── RECORDS SHOWN ──
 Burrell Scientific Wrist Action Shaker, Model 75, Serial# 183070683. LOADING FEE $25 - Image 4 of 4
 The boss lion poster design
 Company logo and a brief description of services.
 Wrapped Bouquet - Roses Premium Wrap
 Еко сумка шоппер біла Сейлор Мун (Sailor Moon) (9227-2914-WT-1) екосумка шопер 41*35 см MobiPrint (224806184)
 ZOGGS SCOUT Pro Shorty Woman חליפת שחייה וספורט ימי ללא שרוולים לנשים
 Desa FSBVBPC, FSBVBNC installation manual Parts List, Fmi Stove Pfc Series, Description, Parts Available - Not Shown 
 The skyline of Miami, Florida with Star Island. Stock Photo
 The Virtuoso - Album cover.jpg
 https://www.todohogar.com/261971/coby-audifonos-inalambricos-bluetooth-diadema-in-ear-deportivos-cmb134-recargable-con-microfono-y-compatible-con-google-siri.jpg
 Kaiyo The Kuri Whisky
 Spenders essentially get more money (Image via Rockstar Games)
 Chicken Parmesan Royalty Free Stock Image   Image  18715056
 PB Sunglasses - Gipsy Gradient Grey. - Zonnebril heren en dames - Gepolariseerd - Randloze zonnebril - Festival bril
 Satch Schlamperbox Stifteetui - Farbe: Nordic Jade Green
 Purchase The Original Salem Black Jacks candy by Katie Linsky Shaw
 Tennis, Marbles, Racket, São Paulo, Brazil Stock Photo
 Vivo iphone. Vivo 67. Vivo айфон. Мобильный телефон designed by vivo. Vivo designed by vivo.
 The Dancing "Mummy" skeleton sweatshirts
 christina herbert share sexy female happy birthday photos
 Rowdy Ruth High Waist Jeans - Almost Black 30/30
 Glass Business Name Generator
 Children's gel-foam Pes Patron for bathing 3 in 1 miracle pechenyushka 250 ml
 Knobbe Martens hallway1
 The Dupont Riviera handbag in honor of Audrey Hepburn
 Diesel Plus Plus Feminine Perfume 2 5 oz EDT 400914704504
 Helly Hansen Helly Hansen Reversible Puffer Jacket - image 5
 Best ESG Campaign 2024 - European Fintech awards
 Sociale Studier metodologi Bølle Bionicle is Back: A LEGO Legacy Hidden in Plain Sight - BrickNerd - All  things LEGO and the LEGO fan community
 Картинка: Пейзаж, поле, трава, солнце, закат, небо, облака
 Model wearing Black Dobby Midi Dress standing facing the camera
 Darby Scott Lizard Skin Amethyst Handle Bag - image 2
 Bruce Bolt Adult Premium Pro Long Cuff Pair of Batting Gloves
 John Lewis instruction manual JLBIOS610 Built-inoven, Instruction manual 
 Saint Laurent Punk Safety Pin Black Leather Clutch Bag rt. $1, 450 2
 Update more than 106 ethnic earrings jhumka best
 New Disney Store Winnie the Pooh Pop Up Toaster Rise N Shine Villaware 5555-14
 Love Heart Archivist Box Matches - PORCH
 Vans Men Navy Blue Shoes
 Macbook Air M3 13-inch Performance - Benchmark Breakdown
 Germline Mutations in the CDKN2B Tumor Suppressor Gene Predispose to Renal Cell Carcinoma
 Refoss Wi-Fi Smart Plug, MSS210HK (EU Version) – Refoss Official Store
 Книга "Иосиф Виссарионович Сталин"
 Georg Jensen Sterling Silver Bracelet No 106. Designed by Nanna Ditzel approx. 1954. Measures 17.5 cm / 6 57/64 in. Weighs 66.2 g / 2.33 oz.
───
**TASK REQUIREMENTS**
From the entries, give the number of lines where the string "Premium" is found, and nothing else.

**THE ANSWER**
2